In questa ricostruzione d’epoca e atmosfere, Pawlikowski non poteva che avere come punto di
riferimento il cinema polacco coevo, a partire dalla scelta di girare il film nel formato 1,33:1 e nel
suggestivo bianco e nero di Ryszard Lenczewski, abituale collaboratore del regista, e del suo allievo
Lukasz Zal. Il 1962 in cui si svolge Ida è forse non a caso l’anno in cui esce Il coltello nell’acqua,
strepitoso esordio di Roman Polanski che avrebbe aperto la strada a una delle vagues più innovative
d’Europa, troppo presto condannata agli splendori e alle miserie dell’emigrazione. Il regista sembra
assumerlo come spartiacque guardando all’indietro, ai maestri della generazione precedente (1).

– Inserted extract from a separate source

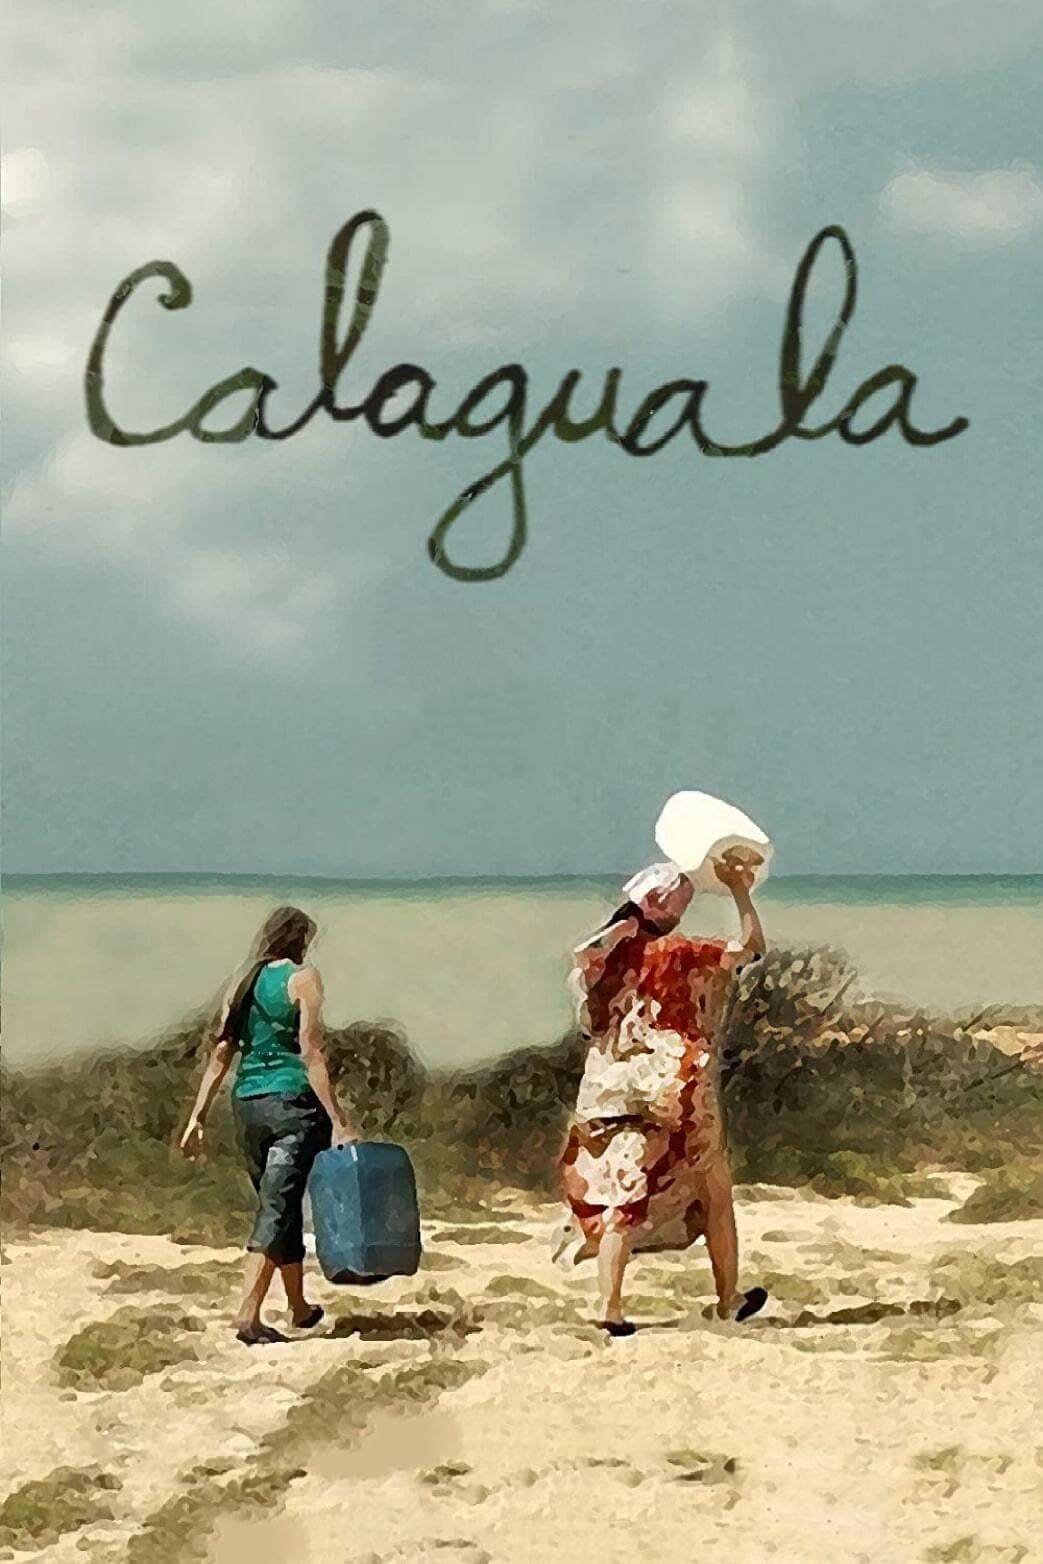 Calaguala

A una forma di rinnovata classicità, dunque, più che a stilemi cari a quella avanguardia. Pur
avendo dichiarato di considerare Cenere e diamanti uno dei film della vita, non sembra tuttavia
ispirarsi al tormentato rapporto con la storia patria e ai sontuosi barocchismi di Andrzej Wajda,
tantomeno all’altissima dimensione letteraria di Wojciech Jerzy Has. I suoi autori di riferimento ci
sembrano piuttosto Jerzy Kawalerowicz e Andrzej Munk. Del primo ripropone infatti l’antinomia
spiritualità/sensualità di Madre Giovanna degli Angeli, del quale arriva alla citazione pressoché
testuale nella sequenza delle novizie prone a braccia larghe sul pavimento della chiesa nel corso
della cerimonia di iniziazione. Dal capolavoro incompiuto del secondo, La passeggera, deriva
l’idea della Shoah come coacervo di memoria nel quale convivono indissolubilmente senso di colpa
e falsa coscienza.
Per caratterizzare ulteriormente il periodo
segnalando
le lusinghe
dell’Occidente,
Pawlikowski introduce nella colonna sonora
alcune canzoni italiane («I Found My Love in
Portofino» e «Guarda che Luna» di Fred
Buscaglione, «Ventiquattromila baci» di
Adriano Celentano) eseguite da un complessino
nel solito, squallido night d’albergo già visto
tante volte in altre cinematografie dell’Est del
periodo. Non a caso Pawlikowski cita tra i film
preferiti Gli amori di una bionda di Milos
Forman. Ma il sassofonista Lis è un ammiratore di John Coltrane, Naima (2), una delle pietre
miliari di questo gigante del jazz, costituisce l’altra faccia della medaglia, la musica afroamericana
in cui si è formata una generazione di intellettuali e una “scuola” della quale fu il capofila Krzysztof
Komeda, pianista di talento e autore di memorabili scores, per Polanski ma anche Skolimowski,
Wajda, Hoffman e Carlsen, scomparso a soli trentotto anni in seguito a un assurdo incidente.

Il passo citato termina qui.